Edurne Portela was a professor of Latin American literature and specialized in the Argentinian novel on the Dirty War. Then she quit her job and became a full-time writer. This is important because her novel Mejor la ausencia is extraordinary similar – in terms of the plot, the narrative style, the protagonist, the choppy sentences that drive me nuts – to a novel on the Argentinian Dirty War by novelist Paula Varsavsky.

Like Varsavsky’s Nadie alzaba la voz, Portela’s novel is a Bildungsroman and a very conventional one. The protagonist is entitled, immature, self-infantilizing and lacking in insight to a degree one usually only expects to see mentally disabled people. What makes the novel attractive in spite of all this are hints at the presence of ETA somewhere around the plot. The idea that the novel promotes is that nationalist terrorism is a result of individual psychopathologies. 

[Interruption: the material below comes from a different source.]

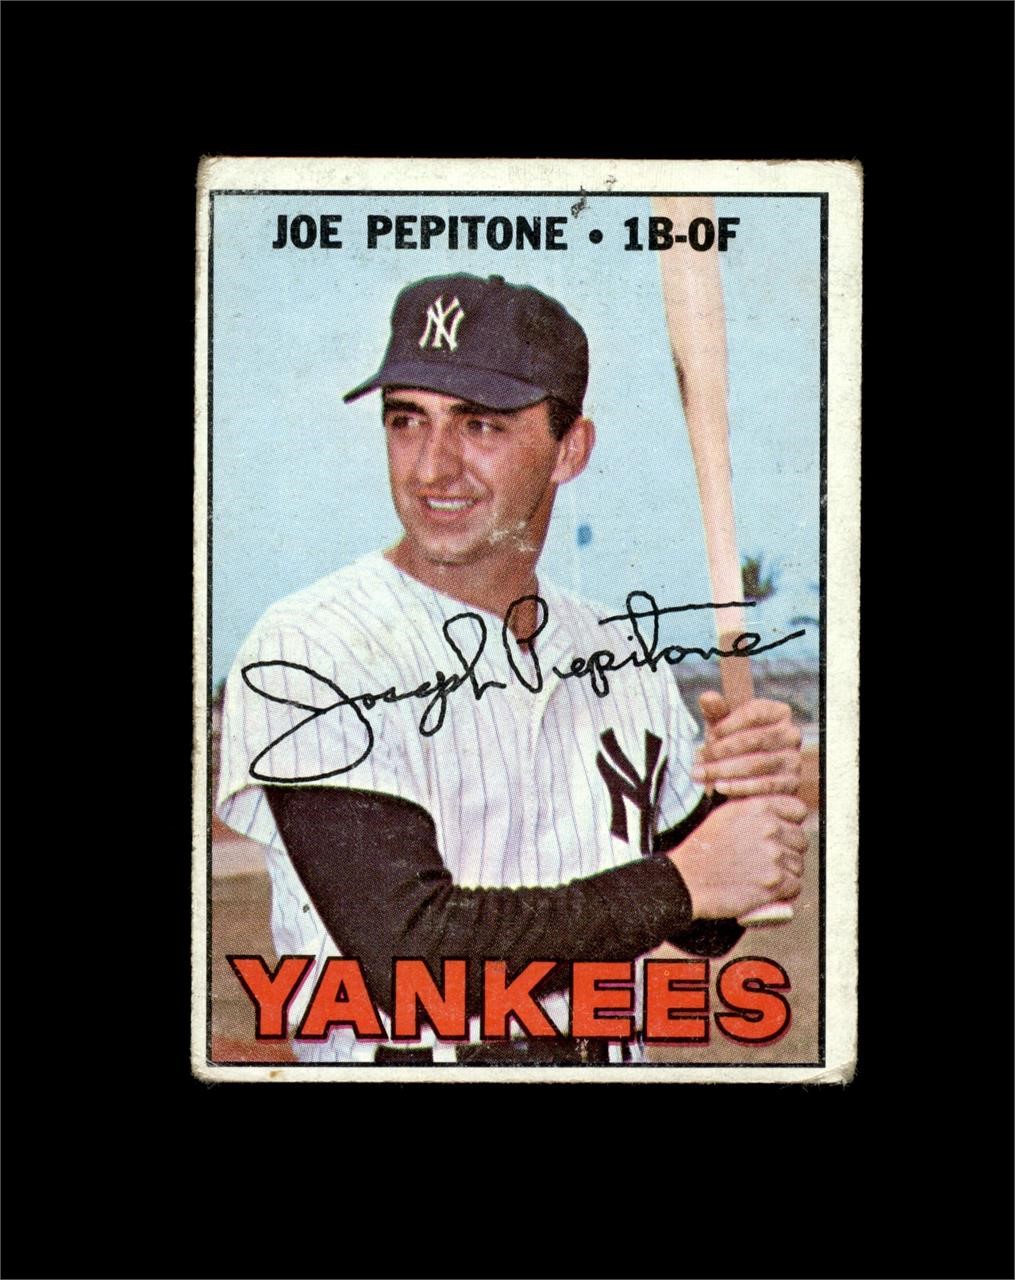 Vintage & Modern Sports Cards - Ends WED 6/26 9PM CST

I’m inured to the protagonists of contemporary female Bildungsromane, so I enjoyed the novel. I warn you, though, you might go loopy the first couple of times you meet all these Lulus, Natalias, and Beatrices who comprehend and describe their reality worse than a regular 3-year-old and pretend to be cute little girls in pigtails well past the age of thirty.

A good novel, though, seriously. I hope it gets translated.